A ruiva recuou um passo e outro, cuidando de manter as colunas de pedra do lugar sempre entre ela e Reclusa, criando obstáculos aos golpes de martelo que facilmente esmagariam ossos.

 

— Eu não quero te matar, Nadya. Você foi uma vítima, tanto quanto eu, nunca te deram escolha. Não me obrigue a fazer isso. - Ela se abaixou a tempo de evitar um golpe na cabeça, e rolou para trás de uma parede em ruínas. - Deixe eu te ajudar.

 

— Prefiro morrer a aceitar qualquer coisa de você!!! Eu sei quem sou, e ao contrário de você, estou aqui porque quero, porque sei o meu lugar.
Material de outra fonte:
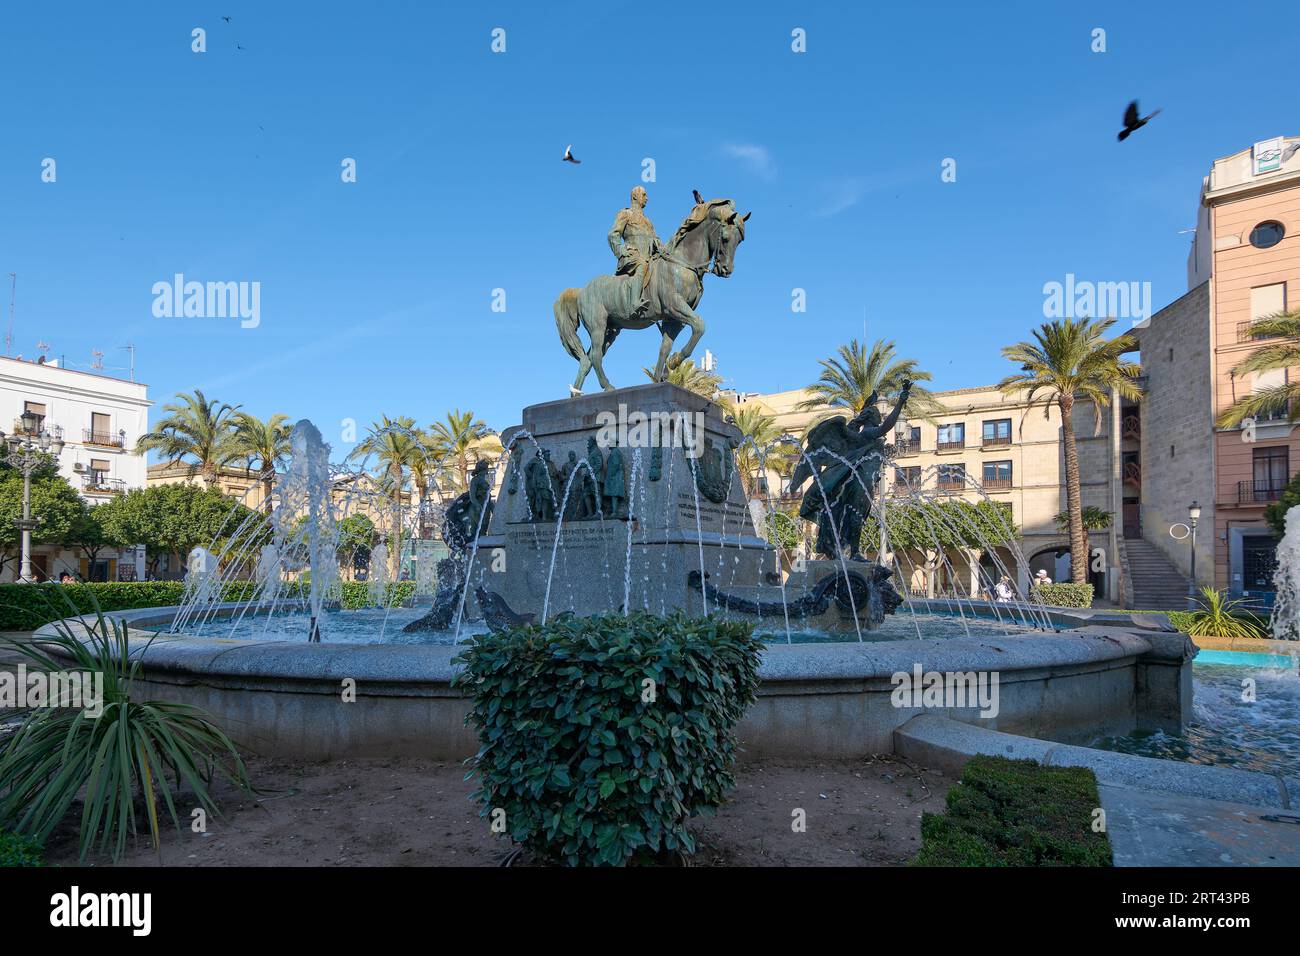 Monument to Miguel Primo de Rivera in the Plaza del Arenal in Jerez de la Frontera, Andalucia, Spain Stock Photo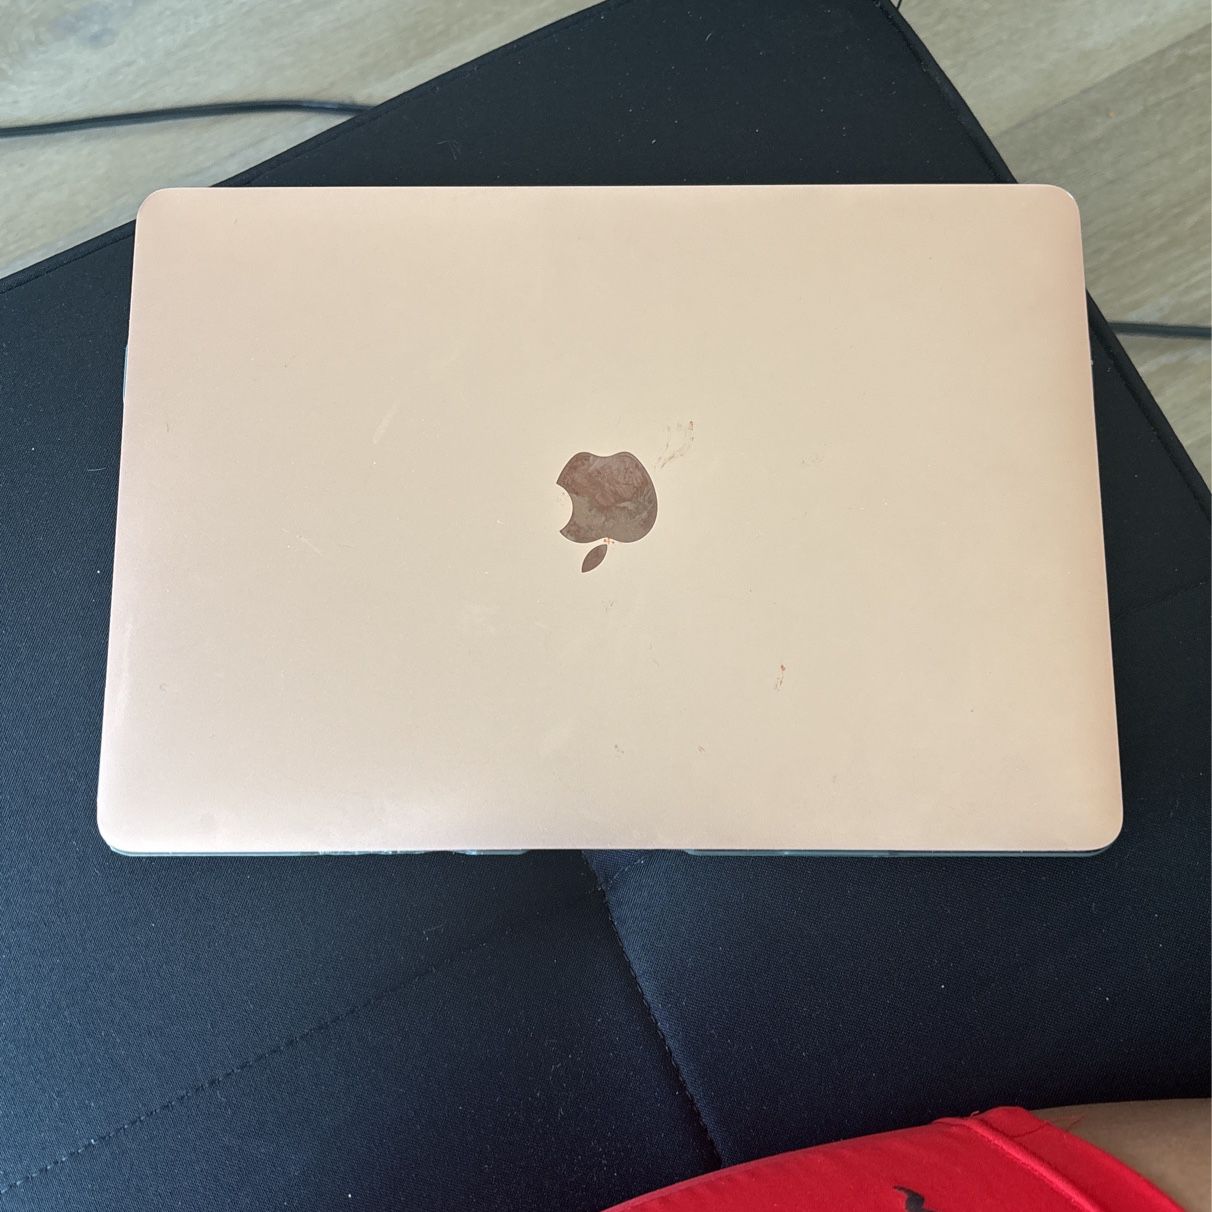 MacBook Air 2020 Rose Gold

Não se preocupe: quando Hydra terminar com você, verá as coisas pelo meu ponto de vista... E a sua garotinha, também. - Nadya pretendia desestabilizar Romanoff com aquelas palavras... Mas nunca esperou que fossem surtir o resultado oposto.

 

A Widow mais jovem abandonou seu abrigo saltando por sobre a parede semidestruída, uma pedra oval em sua mão esquerda, o calcanhar de sua bota se cravando na espinha de Nadya, cujas costas estalaram sob o esforço. A morena tropeçou para frente, mas caiu já girando e chutando a perna de apoio de Romanoff, levando-a ao chão consigo enquanto impulsionava o tronco para cima, brandindo o martelo brutalmente em direção à cabeça da outra, a qual se protegeu com o antebraço da mão lesionada - ignorando a provável fratura decorrente do golpe - e projetou a si mesma contra a inimiga, descendo a pedra contra ela. Não atingiu a cabeça, mas os ossos do pulso de Nadya estalaram e cederam ao golpe violento, arrancando uma exclamação de dor e ódio. 

 

— Não vai prejudicar mais ninguém. - A ruiva rosnou enquanto colocava todo o seu peso sobre a outra mulher, golpeando uma e outra vez, procurando uma brecha nas defesas da rival. E mesmo que Romanoff tivesse uma das mãos inutilizada, a morena se encontrava com dificuldades para se proteger.

 

Era uma briga de titãs: Nadya possuía toda a vontade e ferocidade do desejo de derrotar a rival - um desejo concentrado e cultivado ao longo de oitenta anos, que se espalhara como mofo pela madeira úmida, consumindo a mente da assassina mais velha e corroendo-a no ódio até que, se este fosse removido, todo o resto se esfacelaria. - enquanto Natasha imprimia em sua luta não apenas sua raiva e indignação pelos males feitos a si, mas toda a determinação de impedir que os mesmos danos fossem perpetrados contra meninas inocentes e, acima de tudo, a fúria primitiva, animal e instintiva de proteger a própria cria. A troca de golpes era brutal, ambas as mulheres rolando pelo chão, uma tentando sobrepujar e dominar a outra, suas pernas agindo como as terríveis patas de uma caranguejeira que tenta travar a de outra no combate para que as presas possam injetar a peçonha letal. Eram chutes, ganchos e esquivas velozes demais para que pudessem deixar o chão, engalfinhadas. O sangue escorreu no nariz quebrado de Reclusa. O corte na testa de Romanoff pingava sobre o rosto da inimiga, e o sangue dos ferimentos anteriores começava a encharcar suas roupas, tornando qualquer pegada firme impossível para Nadya, pois o líquido viscoso fazia seus dedos escorregarem.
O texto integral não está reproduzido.